Denison Town is a ghost town in New South Wales, Australia. It was established in the 1850s and is thought to have been named after the Governor of New South Wales, Sir William Thomas Denison. It was located about 11 km from the present town of Dunedoo. In its heyday, Denison Town consisted of an inn, post office, church and cemetery, and was the occasional venue for sittings of the Local Court. Local industries included the farming of wheat, sheep and cattle, alongside sporadic prospecting for silver ore.

In 1861 the inn, named the Denison Hotel, was the scene of an attempted robbery by bushrangers who had carried out previous attacks around Mudgee. The innkeeper and patrons fought off the robbers, but the incident led to calls for a permanent police presence in the town.

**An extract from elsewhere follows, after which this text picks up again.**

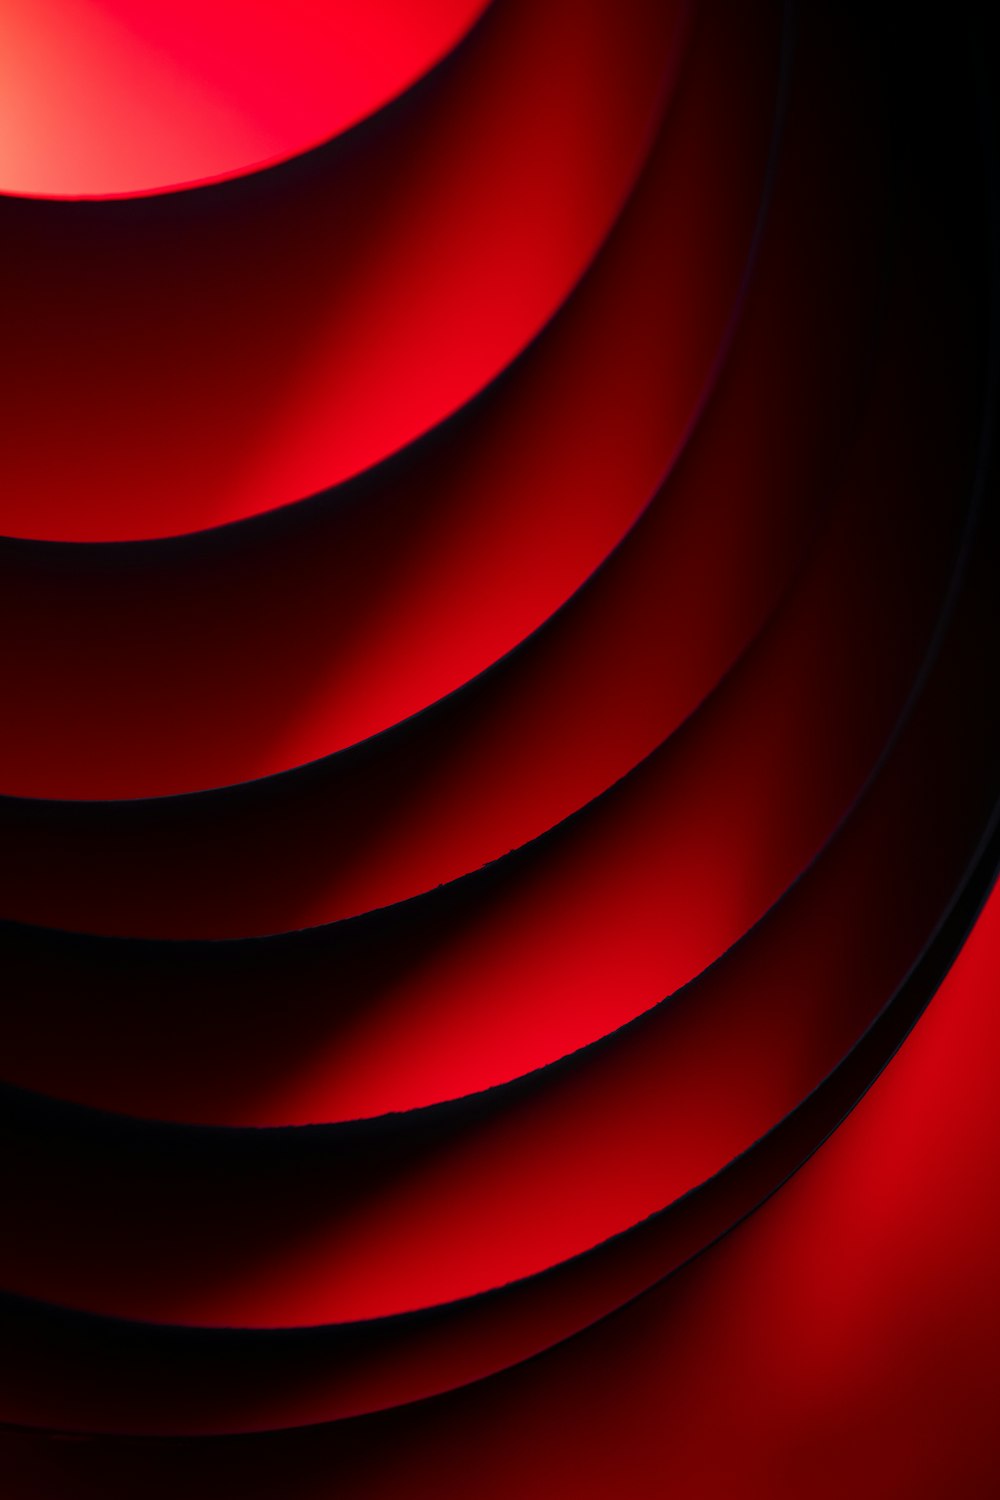 Hình ảnh đỏ đen tròn trịa là một sự lựa chọn hoàn hảo cho những ai yêu thích những thiết kế nghệ thuật hiện đại. Với sự kết hợp hai màu đen và đỏ, các bức tranh này sẽ mang lại vẻ đẹp độc đáo và khác biệt cho màn hình của bạn.
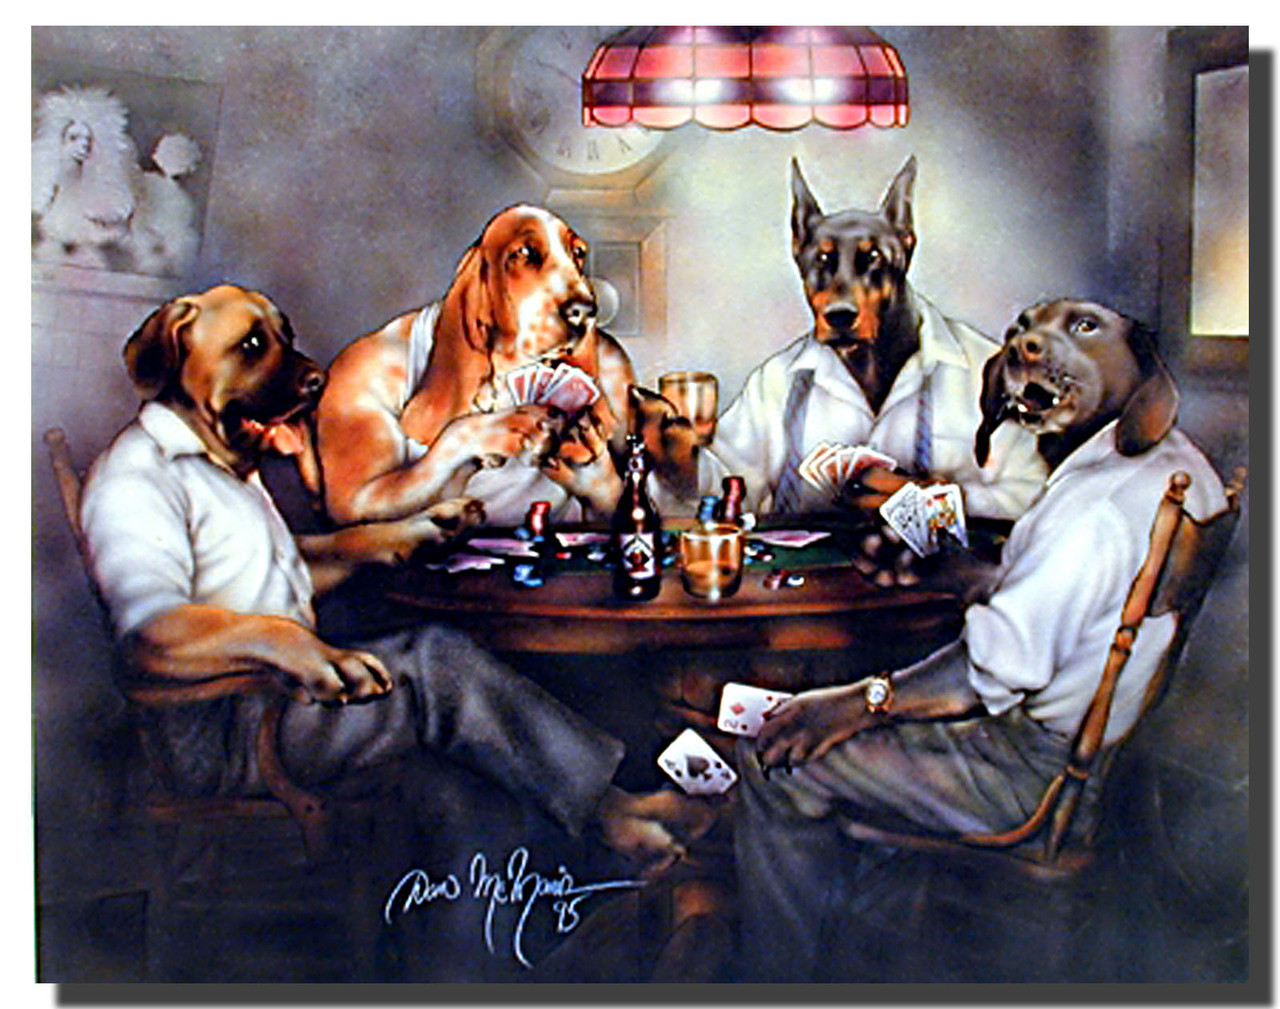 Собаки играют в покер кулидж. Кассиус Кулидж собаки играющие в Покер. Кассиус Кулидж собаки играющие в Покер оригинал. Собаки Покер Кулидж. Собаки играют в Покер картина.

Denison Town Post Office opened on 1 January 1860 and closed in 1893. Denison Town had a provisional or half-time school from 1876 until 1899, A request for a local school was rejected in 1906. Eventually the opening of silver-lead mines at nearby Leadville, as well as the absence of a railway, resulted in Denison Town becoming a ghost town. One building and the pioneer cemetery remained. Newspaper reports from the 1930s indicated that the cemetery, which contained around 50 graves, was neglected and used for grazing by local livestock. The cemetery still exists.